-- Data records --
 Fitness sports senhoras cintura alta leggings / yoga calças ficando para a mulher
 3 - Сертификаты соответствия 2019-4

==

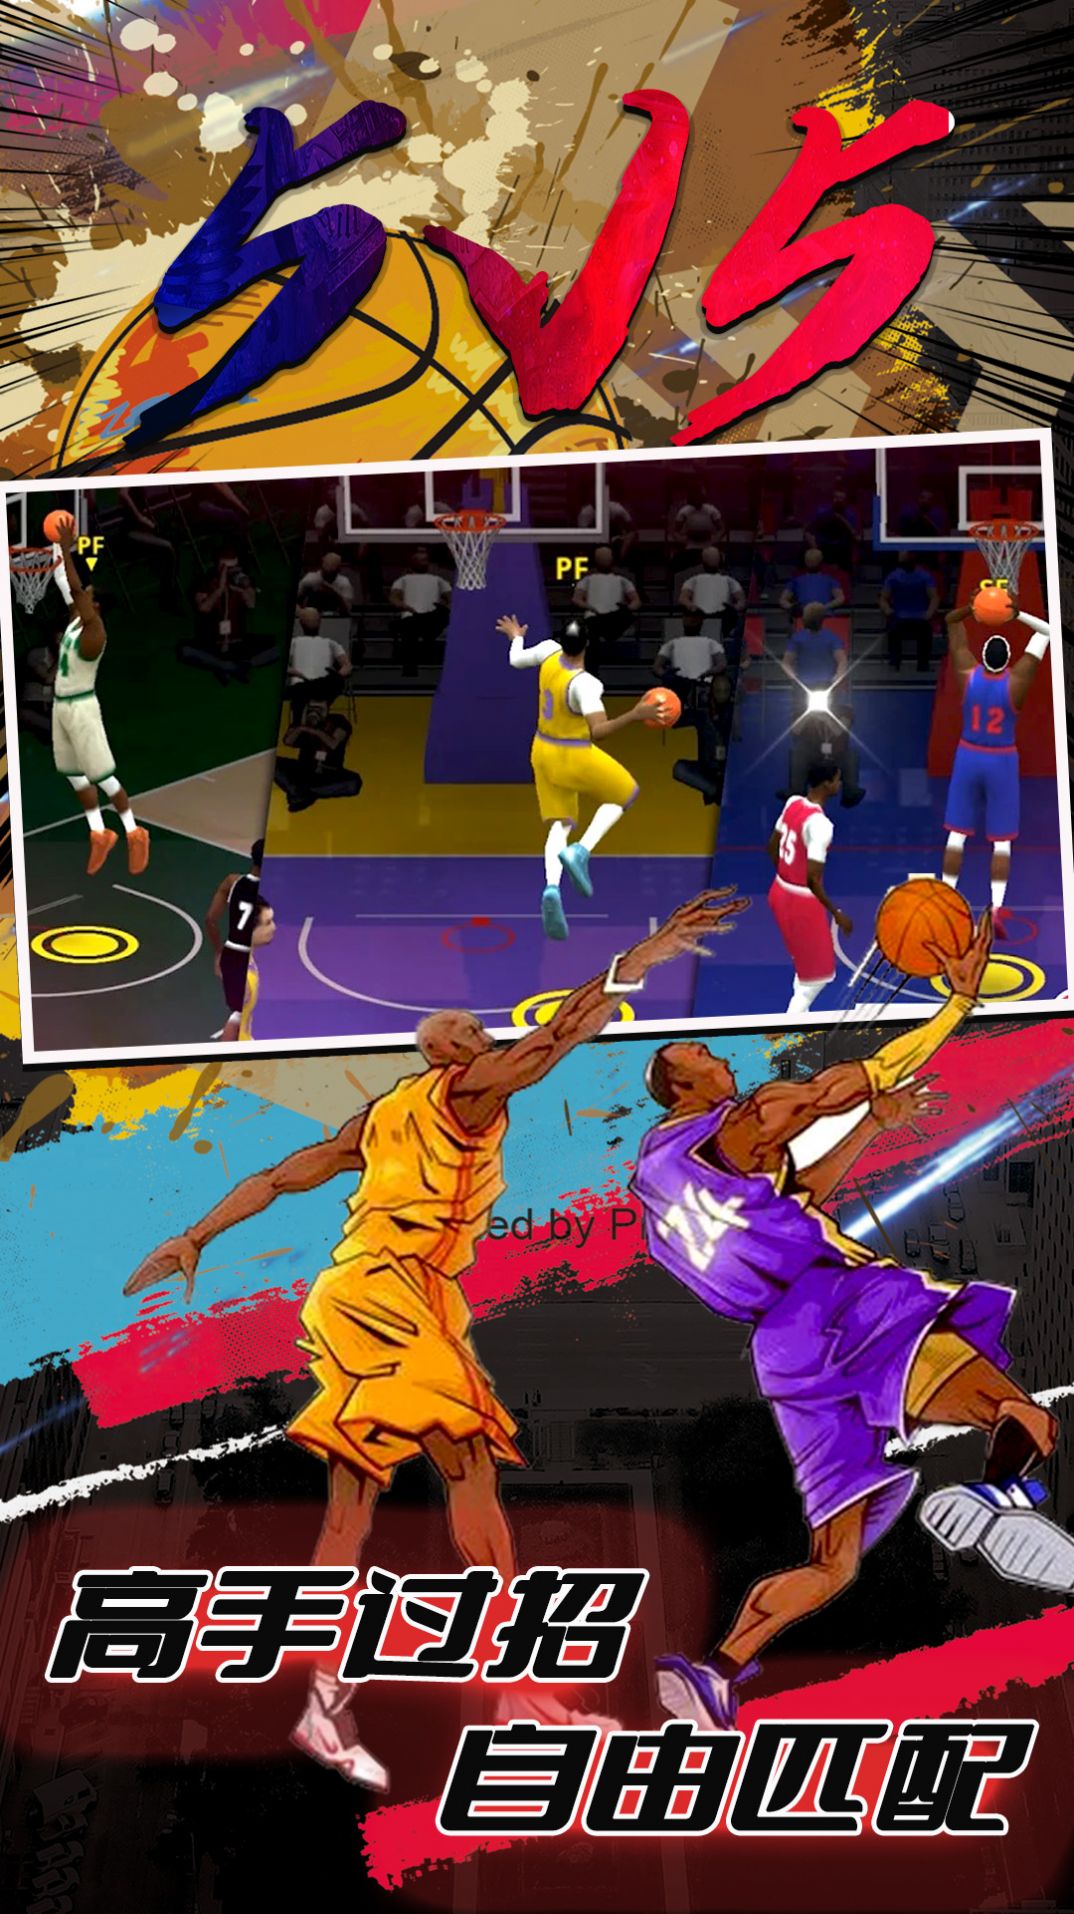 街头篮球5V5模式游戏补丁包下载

---

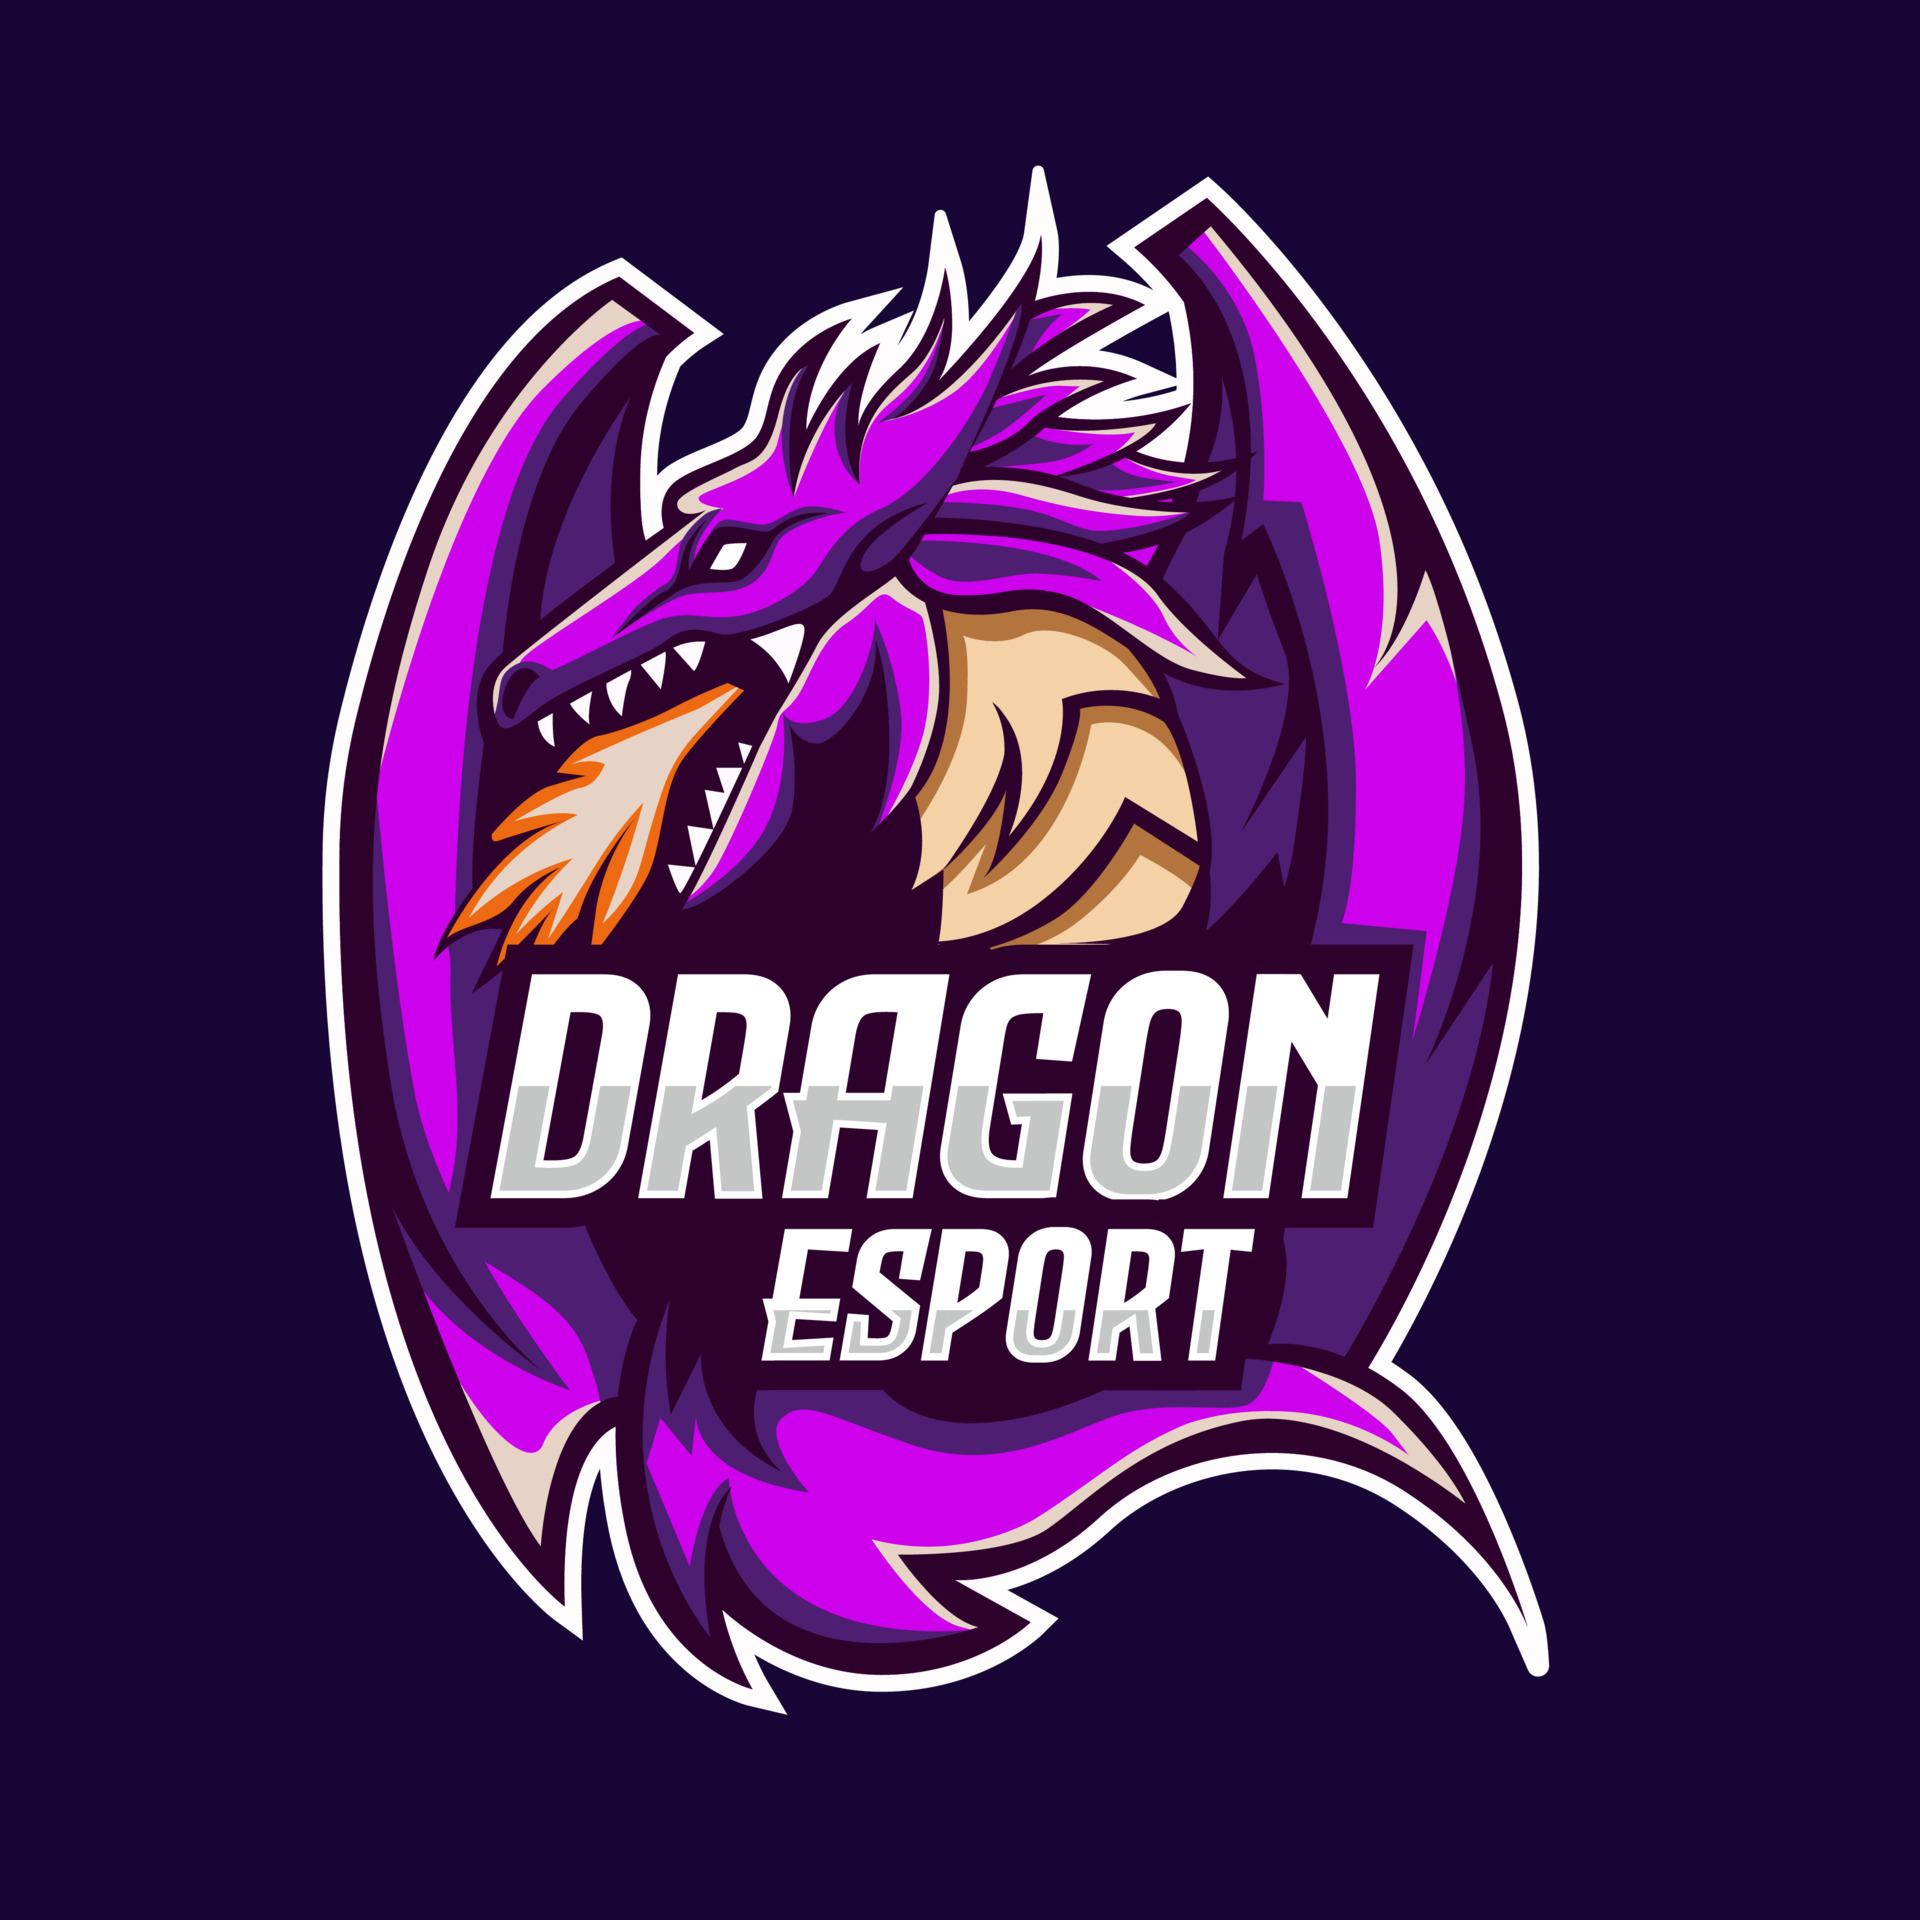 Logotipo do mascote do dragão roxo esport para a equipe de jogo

-- Work required --
Repeat word for word the lines above that run from the line containing "Fitness sports senhoras" through the line containing "3 - Сертификаты соответствия 2019-4", both ends included, and nothing else.

-- The answer --
 Fitness sports senhoras cintura alta leggings / yoga calças ficando para a mulher
 3 - Сертификаты соответствия 2019-4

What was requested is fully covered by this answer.